Recombinant human bone morphogenetic protein-2 (BMP-2) is the growth factor with the most striking osteoinductive performance in orthopedic operations; it is also able to induce heterotopic bone formation. However, there has been little clinical research on Escherichia coli-derived BMP-2 (E.BMP-2). To confirm the efficacy and safety of E.BMP-2 with a hydroxyapatite carrier when applied to one-sided posterolateral fusion (PLF) in addition to lumbar interbody fusion (LIF), and to measure the lower dose of E.BMP-2 ever reported achieving solid fusion. Retrospective case-control study PATIENT SAMPLE: A total of 121 patients who received surgery for 1 or 2 levels of fusion for lumbar degenerative spinal stenosis or spondylolisthesis from January 2009 to December 2019 were included.
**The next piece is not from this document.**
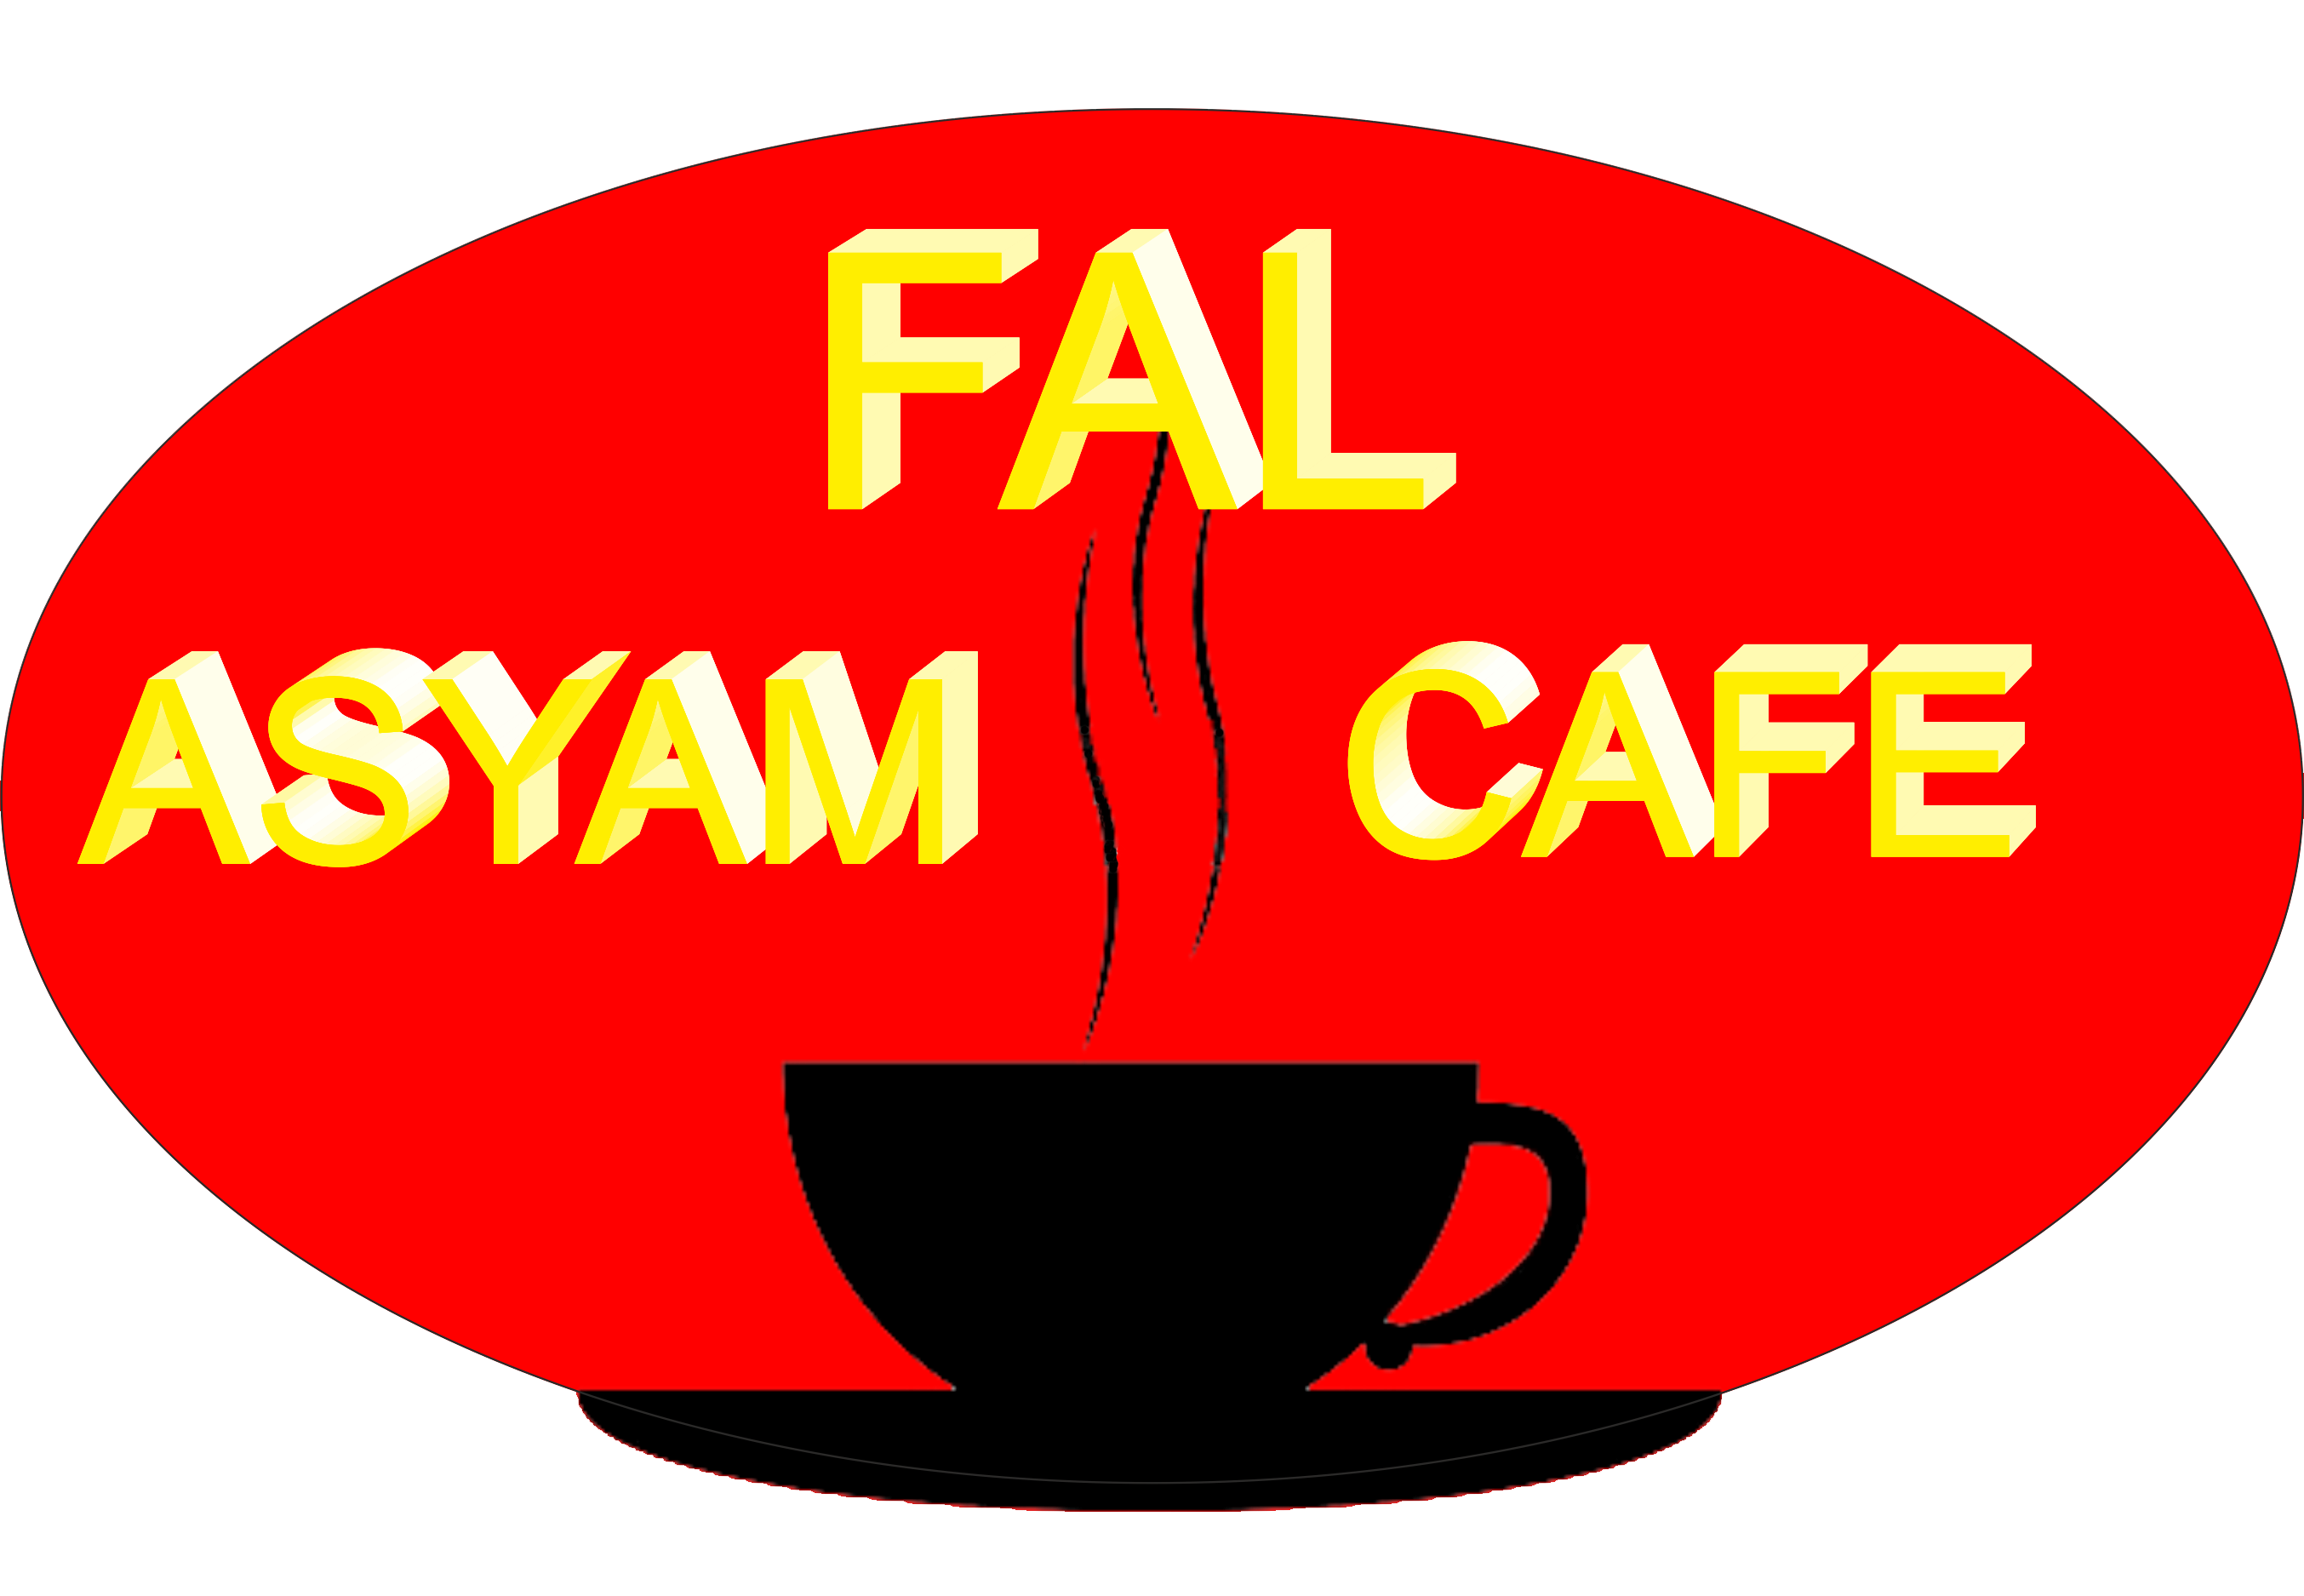 Asyam Fal Cafe ,Cafe - Bistro  , ANKARA ,

Clinical and functional outcomes were evaluated using preoperative and final follow-up visual analogue scales for back pain (VAS-BP) and leg pain (VAS-LP), and Korean Oswestry disability index (K-ODI) scores. Fusion rates were evaluated by computed tomography at six months and one year after surgery. In addition, a subgroup analysis of group E according to number of fusion levels was conducted, and the fusion rates in the one-level and two-level fusion groups were compared. LIF and additional one-sided PLF was performed in all patients. They received autogenous iliac bone grafts (Group C, n=69) or 1mg of E.BMP-2 (Group E, n=52). There were no significant differences between preoperative and final VAS-BP, VAS-LP and K-ODI. The PLF rate was 79.7% for Group C and 82.7% for Group E at postoperative six months, and 94.2% for Group C and 100% for Group E at postoperative one year (P = 0.679, 0.134, respectively). The LIF rate was 71.0% in Group C and 71.2% in Group E at six months after surgery, and 97.1% in Group C and 100% in Group E at one year (P = 0.987, 0.506, respectively). In terms of numbers of fusion levels in Group E, PLF rates at six months (P = 0.486) and one year after surgery were similar in the two groups, as were LIF rates at six months (P = 0.822) and one year after surgery. There were no cases of malignancy or radiculopathy in Group E during one-year of follow-up. One milligram of E.BMP-2 is a safe and effective osteoinductive material in short-level lumbar PLF surgery.